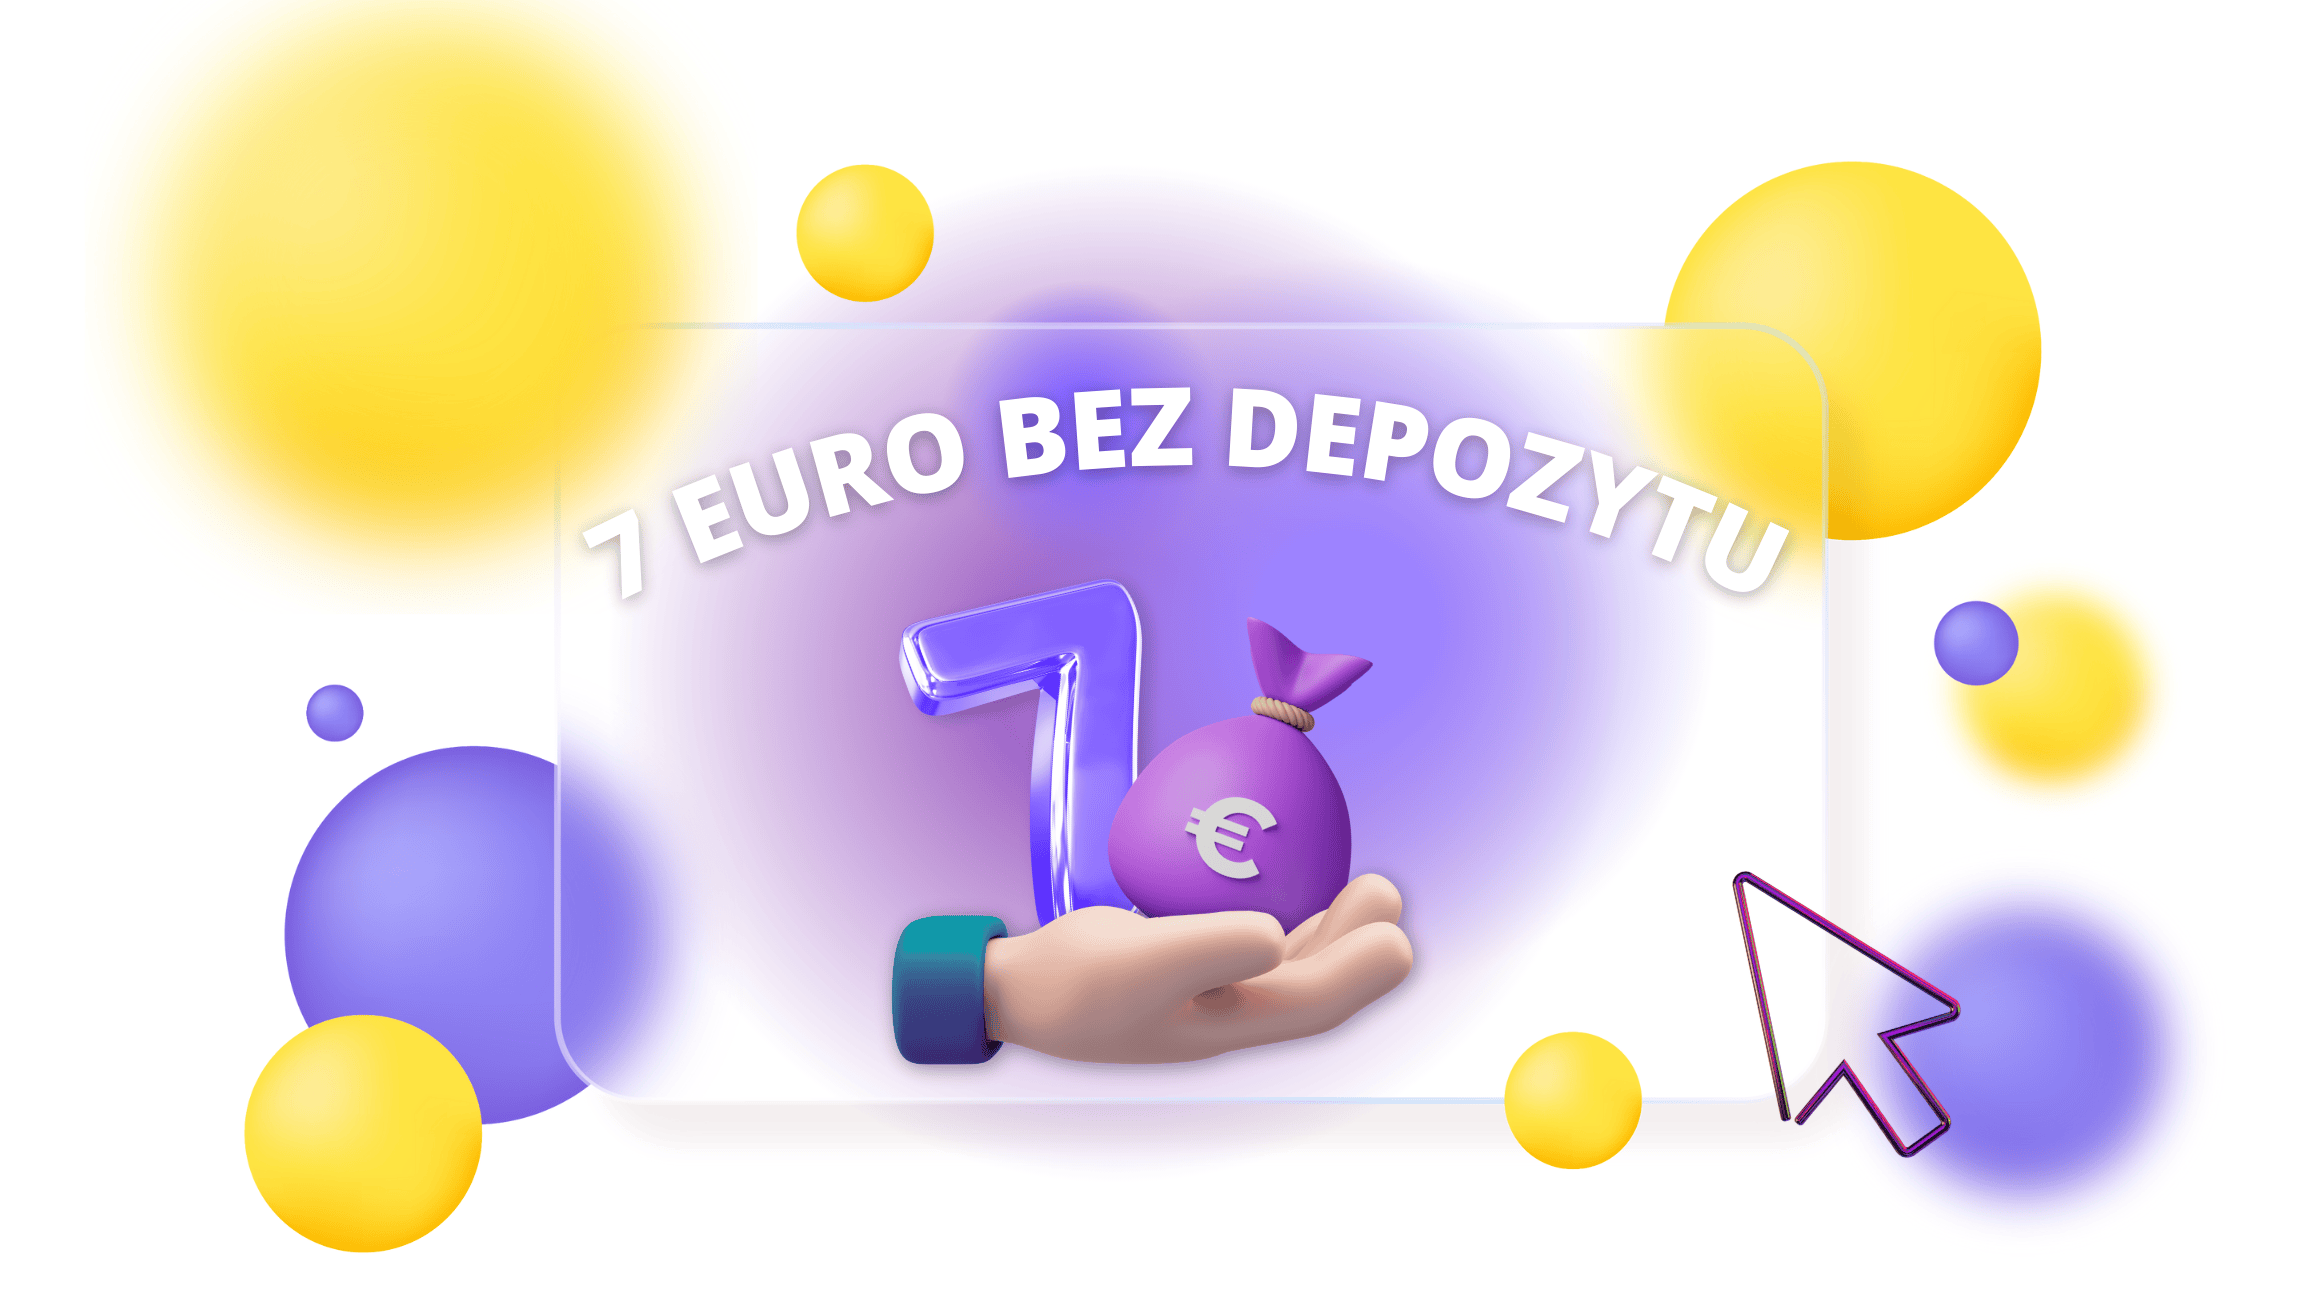 Casino 7 euro bez depozytu za samą rejestrację Nowekasyna-pl.com
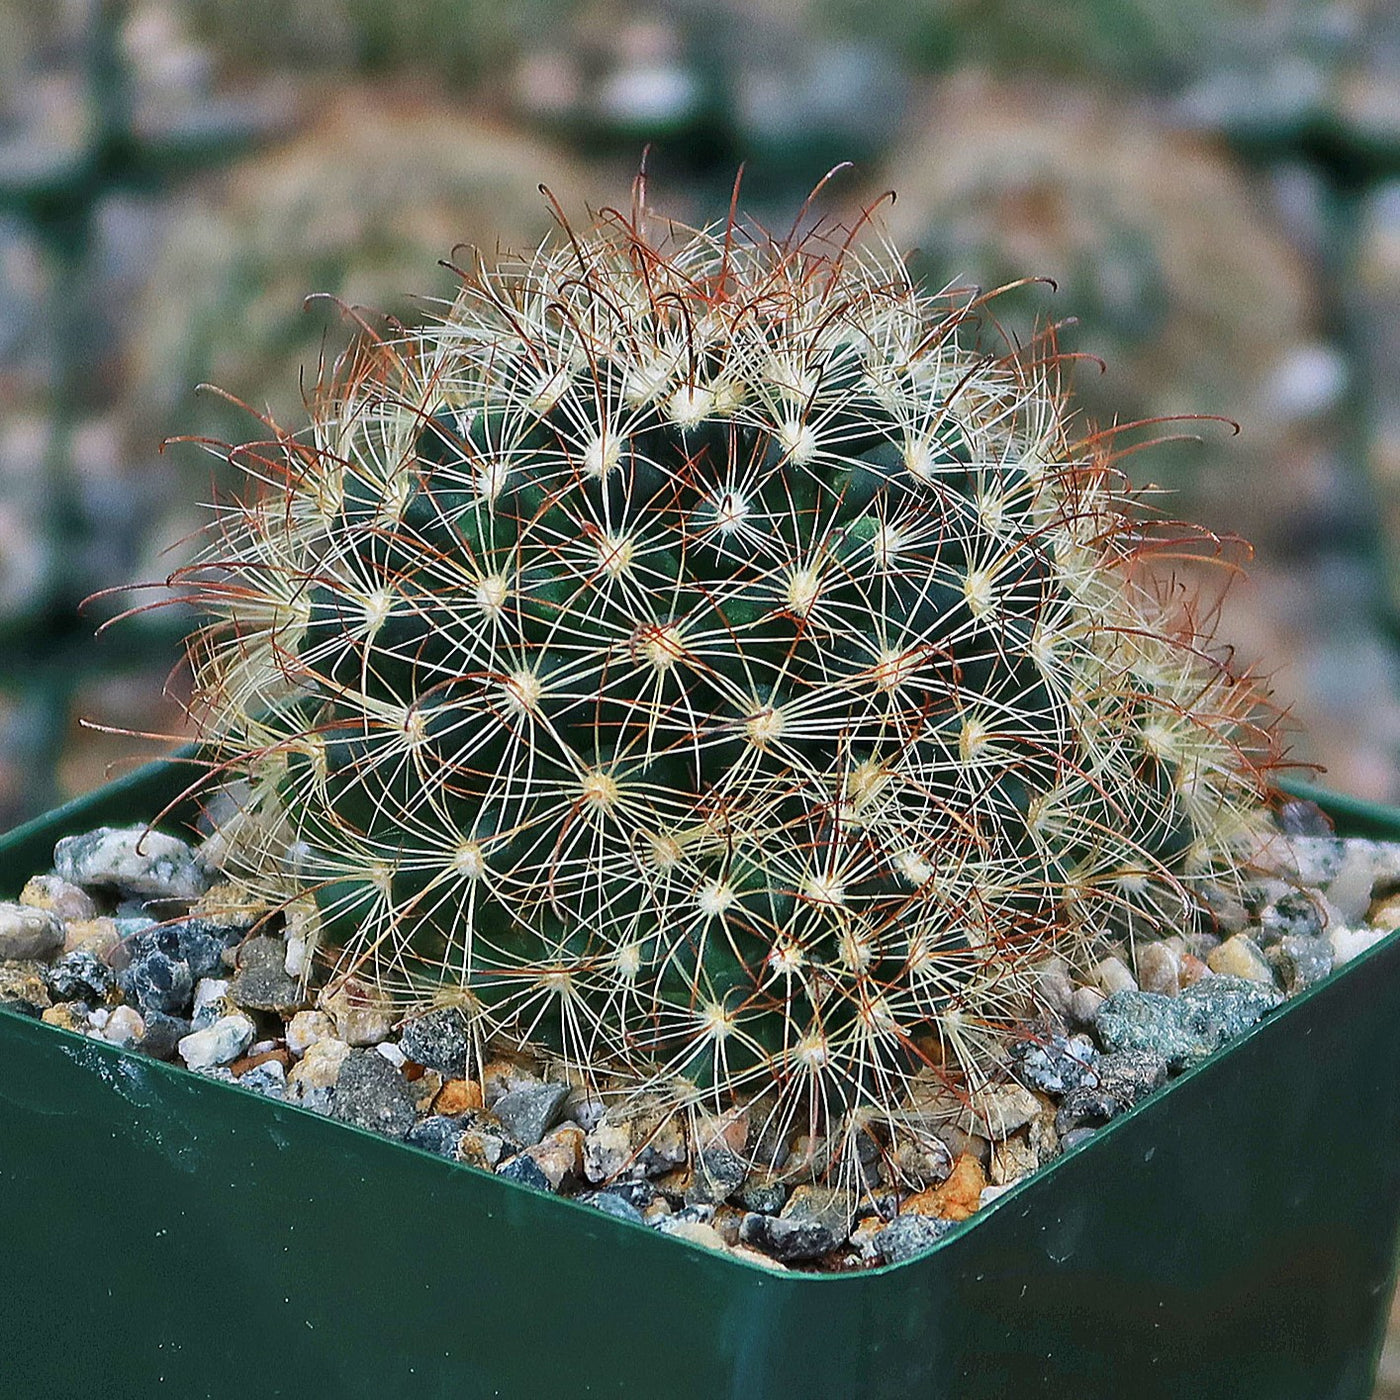 Fishhook Cactus - Mammillaria saffordii 'Carretii
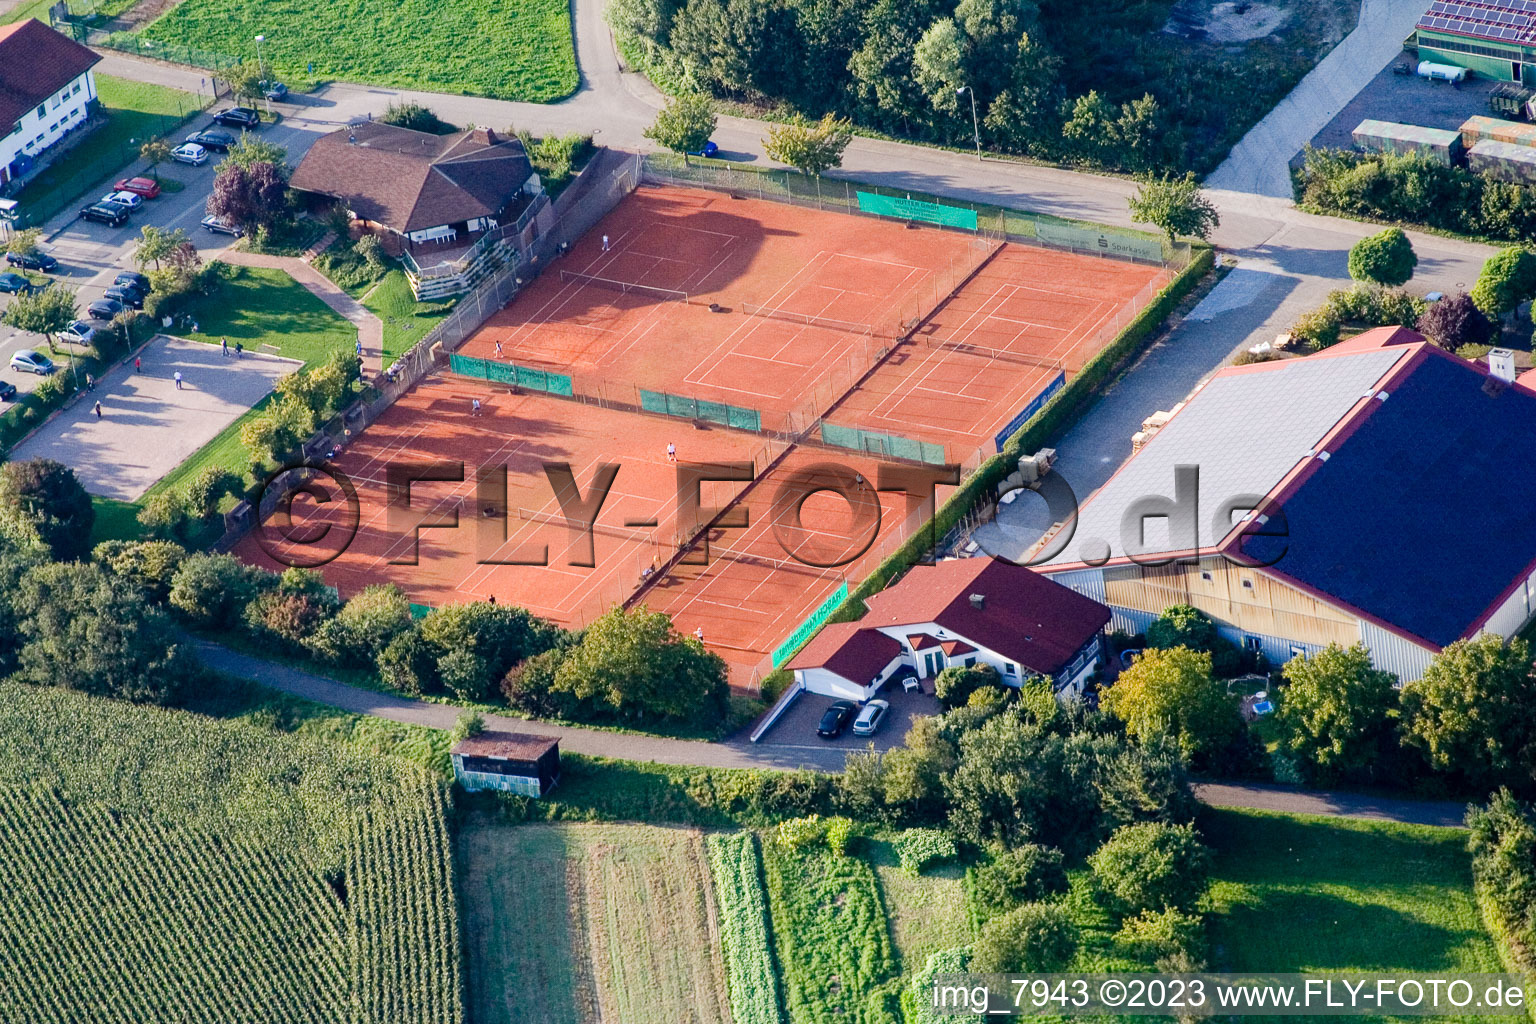 Vue aérienne de Club de tennis à Neuburg dans le département Rhénanie-Palatinat, Allemagne
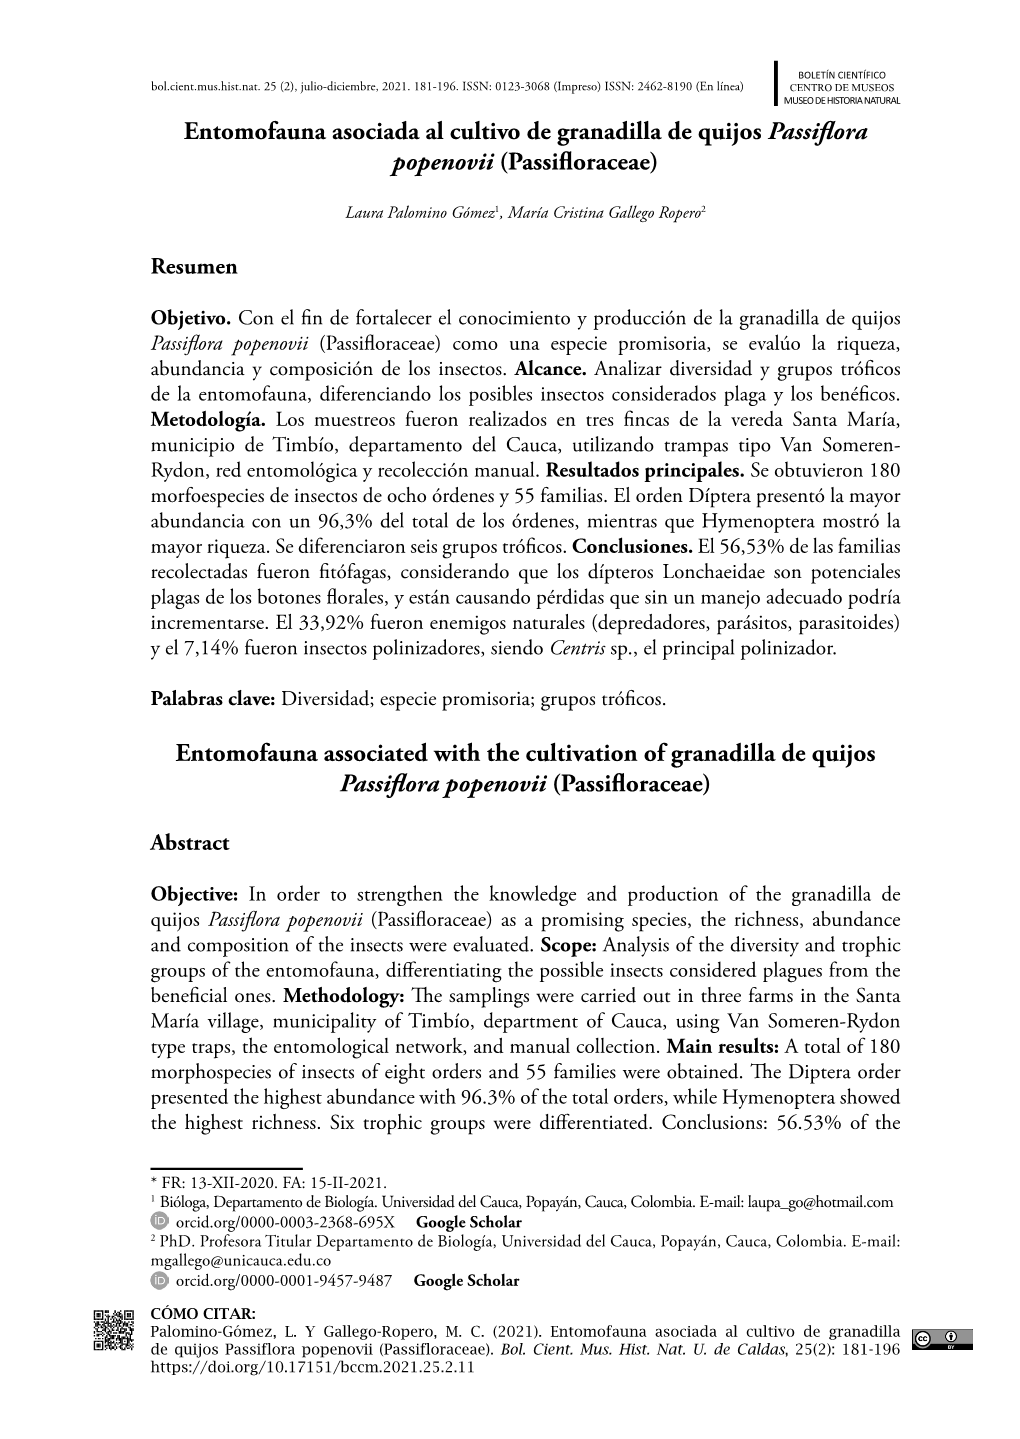 Entomofauna Asociada Al Cultivo De Granadilla De Quijos Passiflora Popenovii (Passifloraceae)

::::::

--- Problem to solve ---
Where a picture appears, skip it; repeat everything else in the data exactly.

--- Response ---
 Casino 7 euro bez depozytu za samą rejestrację Nowekasyna-pl.com
 Fishhook Cactus - Mammillaria saffordii 'Carretii
 Vue aérienne de Club de tennis à Neuburg dans le département Rhénanie-Palatinat, Allemagne
 Entomofauna Asociada Al Cultivo De Granadilla De Quijos Passiflora Popenovii (Passifloraceae)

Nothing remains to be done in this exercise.